The city in which Eleonora’s finds herself, like most imperial capitals and most of the major cities linked by the Black Sea, had its fair share of Jewish residents. The political and cultural lives of such Turkish Jews are the subjects of two books recently reprinted by a New Jersey press, founded in 2001 and “run for scholars by scholars,” which focuses on the ancient and modern Middle East. In a study originally published in 1996—The Jewish Community of Istanbul in the Nineteenth Century (Gorgias, February)—Ilan Karmi argues that reforms in 19th-cenury Ottoman policy made life easier for the Jewish community of the capital, while Gad Nassi, a dedicated advocate of the Istanbul Jewish community, includes articles by a range of scholars in his 2001 collection Jewish Journalism and Printing Houses in the Ottoman Empire and Modern Turkey (Gorgias, February).
If she had sailed north instead of south, Eleonora could have just as easily landed herself in Odessa, another Black Sea port where Jews made history alongside Greeks, Turks, and Romanians. Charles King memorializes this unique city in Odessa: Genius and Death in a City of Dreams (Norton, February), having consulted archival sources in several languages. King highlights famed artists such as Isaac Babel and Sergei Eisenstein, who burnished the myth of the city in their fiction and film, and he ends his book with the cultural legacy of the city’s Jews as it can be glimpsed in the Little Odessa of Brighton Beach. “They send us their Jews from Odessa,” King quotes Isaac Stern on the cultural exchange programs between the U.S. and U.S.S.R., “and we send them our Jews from Odessa.”
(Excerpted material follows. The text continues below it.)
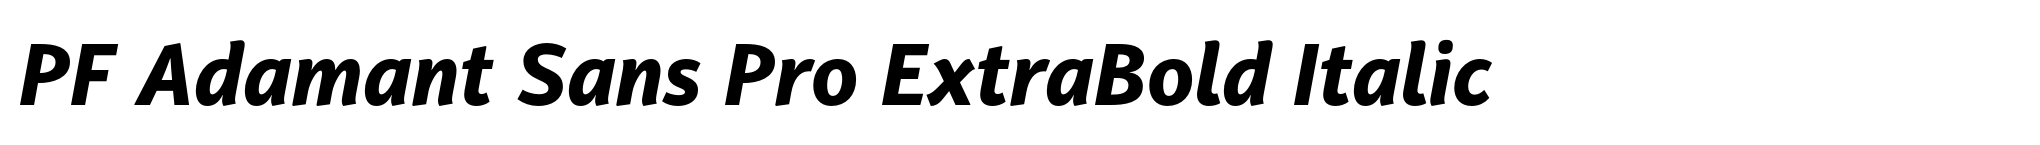 PF Adamant Sans Pro ExtraBold Italic image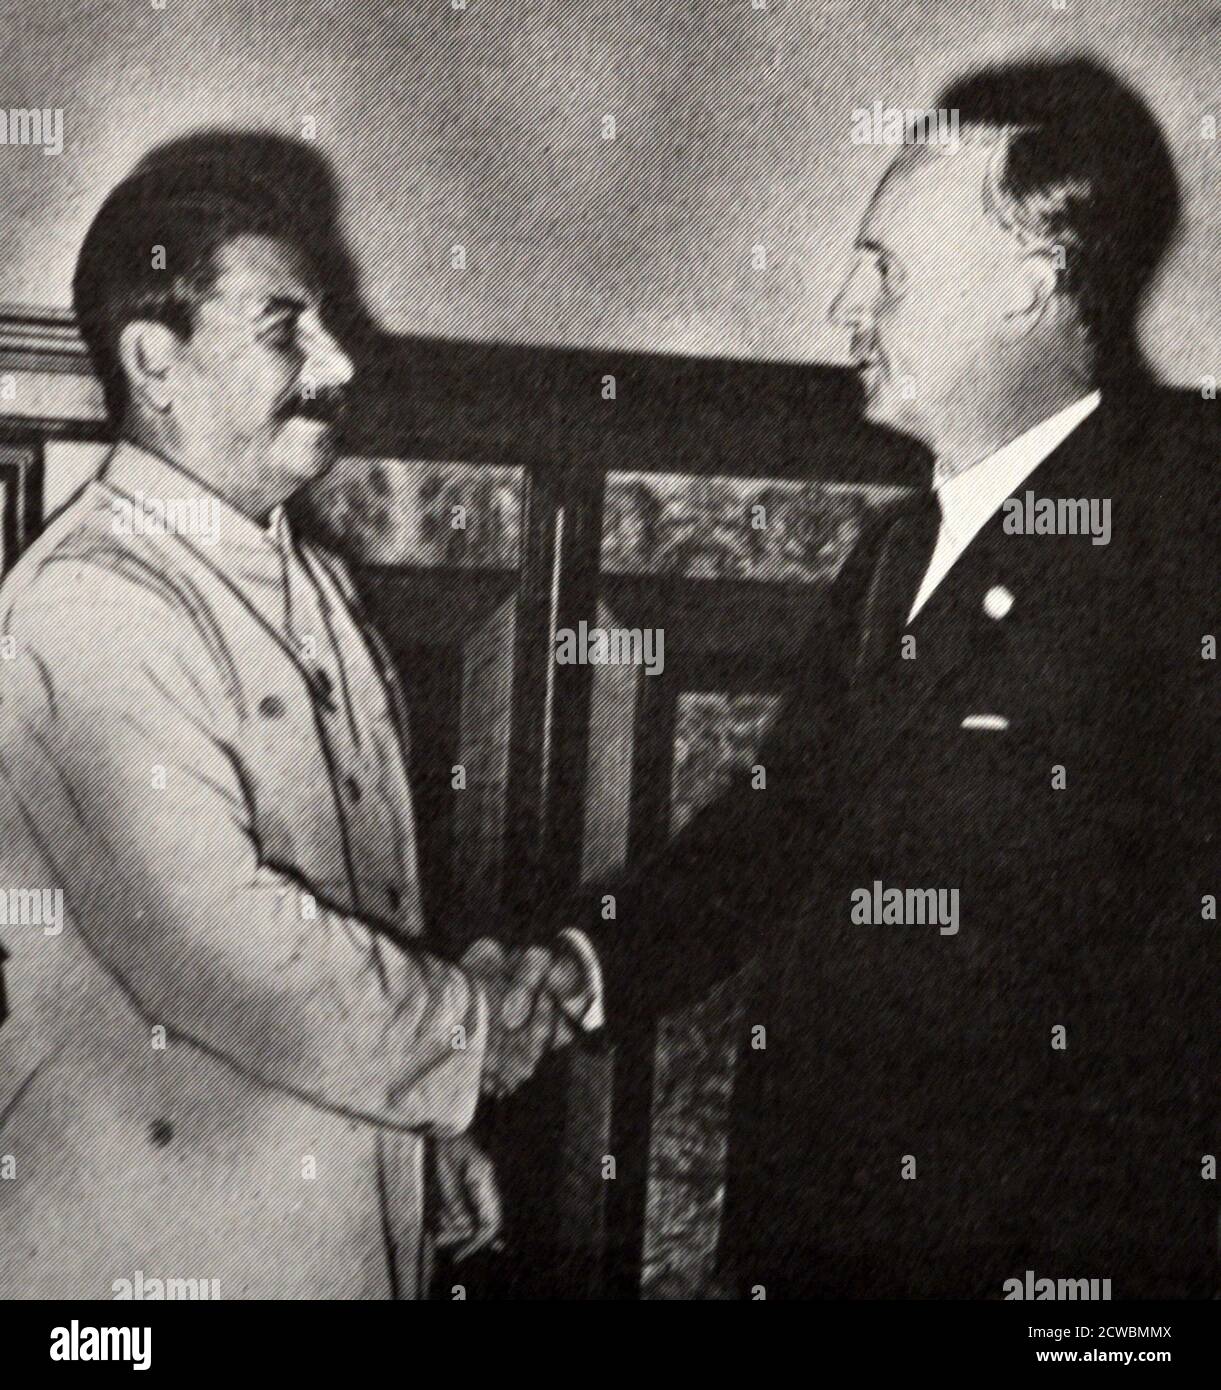 Fotografia in bianco e nero del leader sovietico Josef Stalin (1878-1953) e del ministro degli Esteri tedesco Joachim von Ribbentrop (1893-1946) che si stringono le mani dopo la firma del Patto tedesco-russo, 23 agosto 1939. Foto Stock

The transfer of Jewish intellectuals from Nazi-controlled Germany in the 1930s and 1940s to the United States was, understandably, more one-sided: America got some of the world’s great scientists and artists, while Germany got handed its ass by the U.S. military. Richard Bodek and Simon Lewis’ collection of essays on the period’s cultural refugees, The Fruits of Exile: Central European Intellectual Immigration to America in the Age of Fascism (South Carolina, January), treats not only the most familiar exiles of the era—Mann, Adorno, Bartók—but also the novelist Herman Broch, philosopher Walter Kaufmann, and artist Max Reinhardt.
As deplatziert as German intellectuals may have felt in postwar America, Yoram Kaniuk was even more out of place there: Born in Tel Aviv in 1930, he was a wounded veteran of the 1948 War of Independence when he arrived in New York, a penniless Middle Eastern teenager eager to live the life of an artist. Fictionalizing his time in Greenwich Village in the 1950s, Kaniuk’s Life on Sandpaper (Dalkey Archive, February) recounts run-ins with jazz greats Miles Davis and Billie Holiday and Hollywood stars James Dean and Marlon Brando, meanwhile demonstrating that young Kaniuk had at least one quality in common with these world-famous Americans: He could screw around just as self-destructively.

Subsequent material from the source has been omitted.